I couldn’t agree more.
That meeting took place on March 19, 2018. Three and a half years ago. Three and a half years have gone by, and although SB-181 has given us a new legal framework which was not available to commissioners at that time, we’re still being “held hostage to operators who can’t afford to do business in the state.” Meanwhile, the COGCC continues to approve applications for more wells…and more and more operators — who have no financial incentive to do otherwise — and allow wells that should be properly plugged to spew emissions into the atmosphere.

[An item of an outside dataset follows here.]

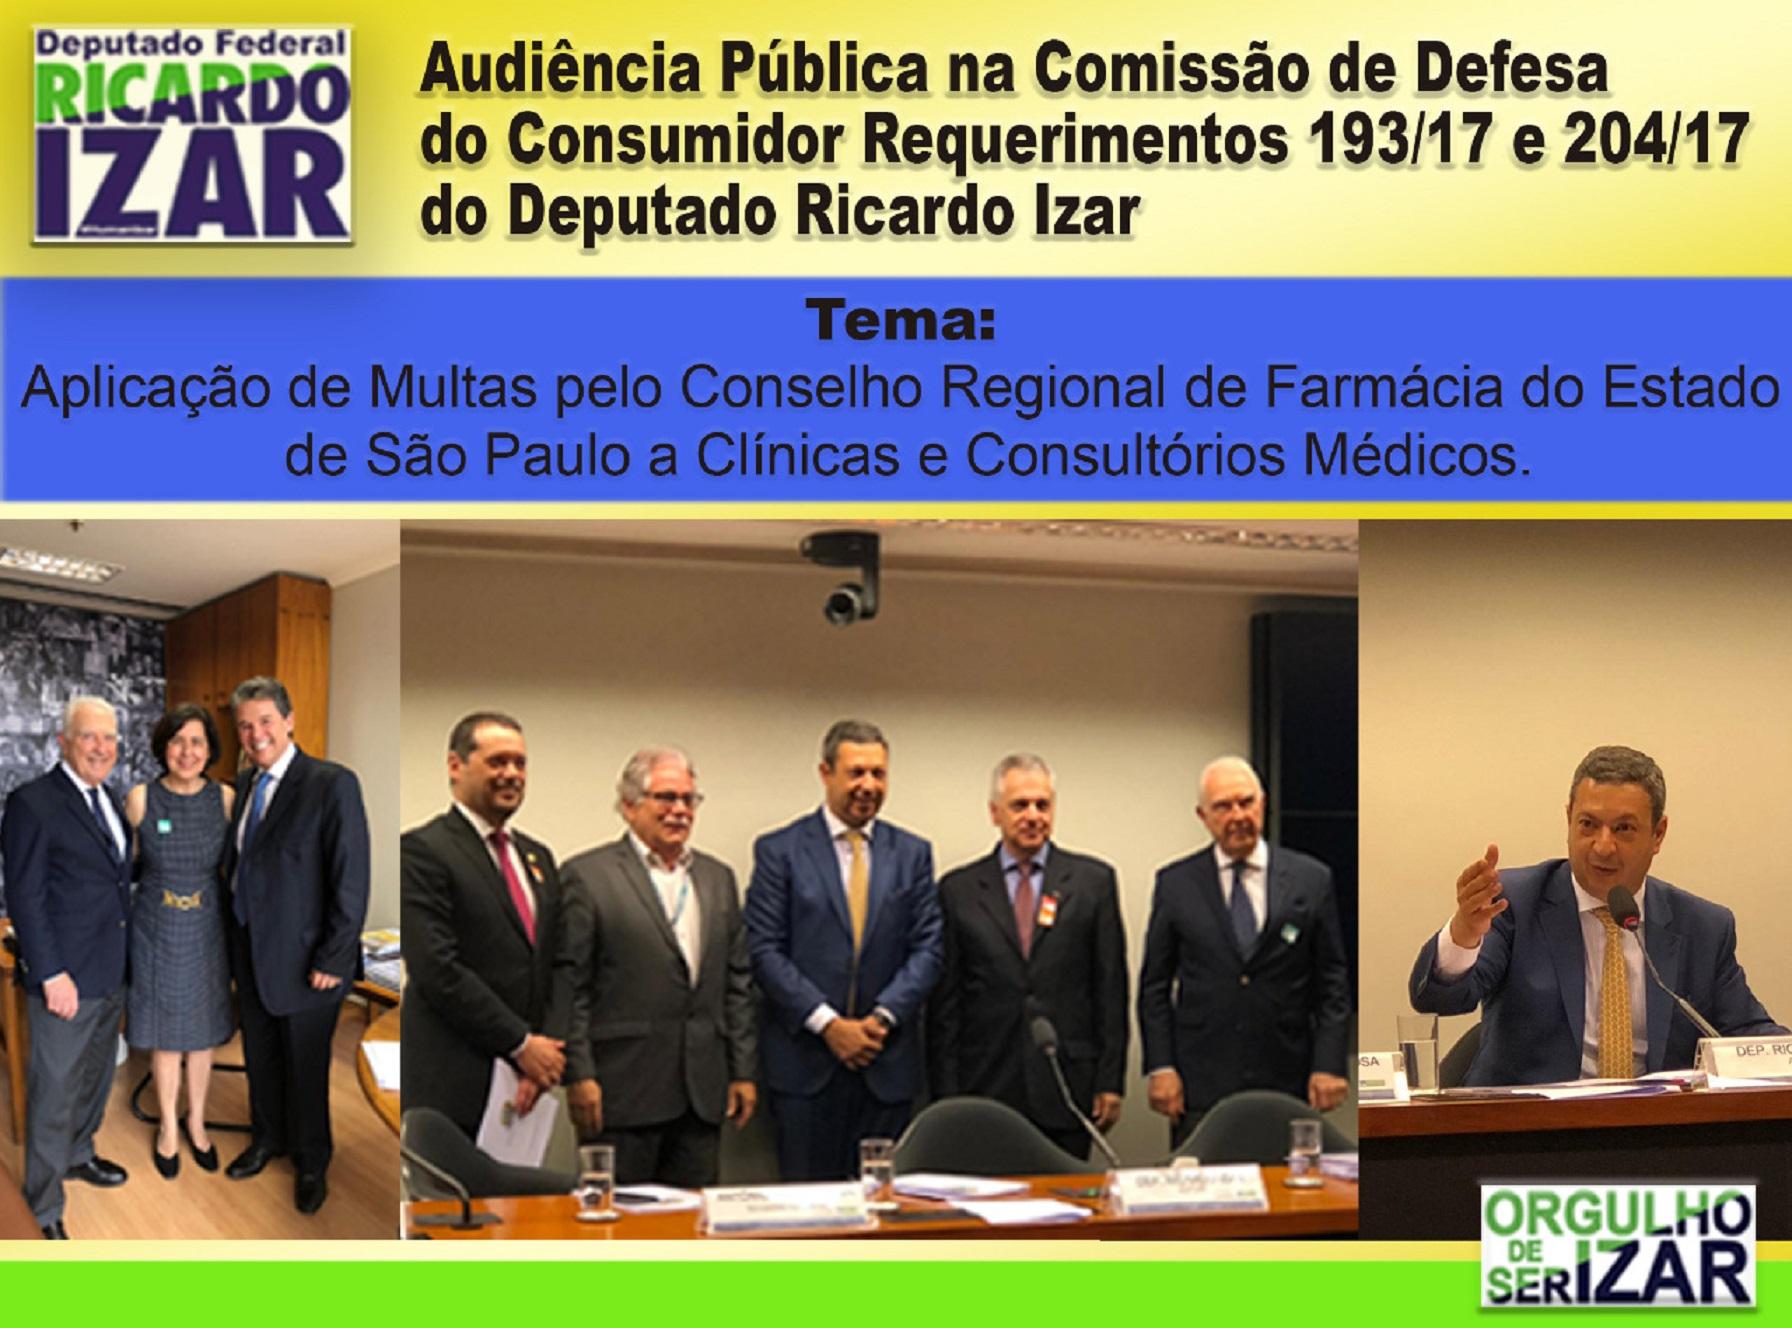 Audiência Pública para aplicação de multas pelo Conselho Regional de farmácia do Estado de São Paulo

We’re talking about tens of thousands of low-producing wells–with little to no profitability…little to no contribution to energy demand — adding nitrous oxides, methane and other pollutants to the atmosphere…day after day after day.


Three and a half years have passed and we are still being held hostage.
All this within the context of a global climate emergency, in which Colorado plays a significant role. A climate emergency in which we have very little time to make the bold changes that are needed.

I ask that you require full cost bonding—full cost bonding on all new wells, all transferred wells, and on all existing wells over a reasonable timeline—if you will do that, then three and a half years from now we’ll be in a much better place.

One thought on “Financial Assurance Hearings at the COGCC – A CRUCIAL STEP”

  1. Don’t forget the legal clauses that create loopholes when there is an accident. It might be a good idea to quote a few legal instances where this occurred. And in particular large operators (or their parents) will drag cases out in court leaving an area uninhabitable and property values destroyed for a lifetime or even generations. We cannot allow that to happen in Larimer county. there must be settlement guidelines and clauses to protect property owners because my instinct tells me that ‘insurance bonds’ won’t guarantee resolute action. Perhaps, we should look at the Gulf Coast and West Coast for examples… I’m new to this conversation but a rural Fort Collins resident for 12 years and eager to participate with research findings . Thank you! Meghan B.